Tri-Select: A Multi-Stage Visual Data Selection Framework for Mobile Visual Crowdsensing
Jiayu Zhang, Kaixing Zhao, Tianhao Shao, Bin Guo, Liang He
TL;DR
Tri-Select introduces a three-stage visual data selection framework for mobile crowdsensing to tackle redundancy and heterogeneity in large-scale image collections. It integrates metadata-based pre-filtering, spectral clustering of spatial/directional features, and SIFT-based MIS-driven visual selection to produce a compact, representative subset. Experimental results demonstrate substantial data reduction, coherent clustering, and high-quality, non-redundant selections with favorable efficiency compared to baselines, including edge-deployable performance. The approach offers scalable, modular data selection suited for real-time and large-scale MVC deployments, with potential extensions to semantic features and task-specific constraints.
Abstract
Mobile visual crowdsensing enables large-scale, fine-grained environmental monitoring through the collection of images from distributed mobile devices. However, the resulting data is often redundant and heterogeneous due to overlapping acquisition perspectives, varying resolutions, and diverse user behaviors.

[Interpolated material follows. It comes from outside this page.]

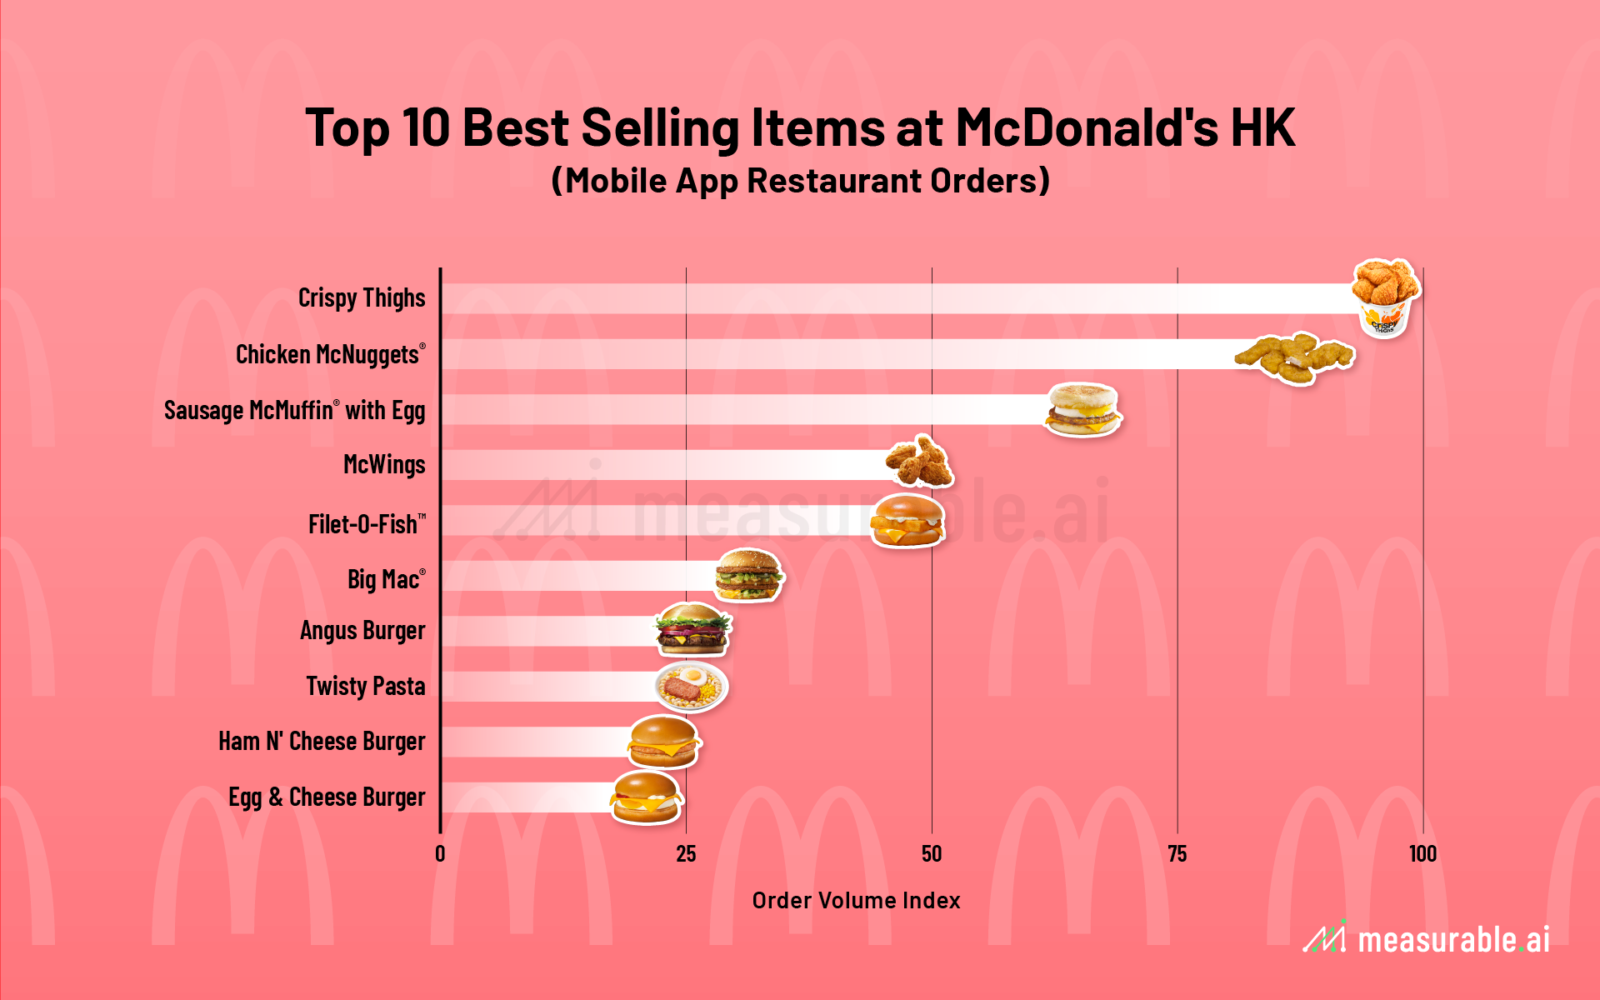 Top 10 Best Selling Items at McDonald's HK

To address these challenges, this paper proposes Tri-Select, a multi-stage visual data selection framework that efficiently filters redundant and low-quality images. Tri-Select operates in three stages: (1) metadata-based filtering to discard irrelevant samples; (2) spatial similarity-based spectral clustering to organize candidate images; and (3) a visual-feature-guided selection based on maximum independent set search to retain high-quality, representative images. Experiments on real-world and public datasets demonstrate that Tri-Select improves both selection efficiency and dataset quality, making it well-suited for scalable crowdsensing applications.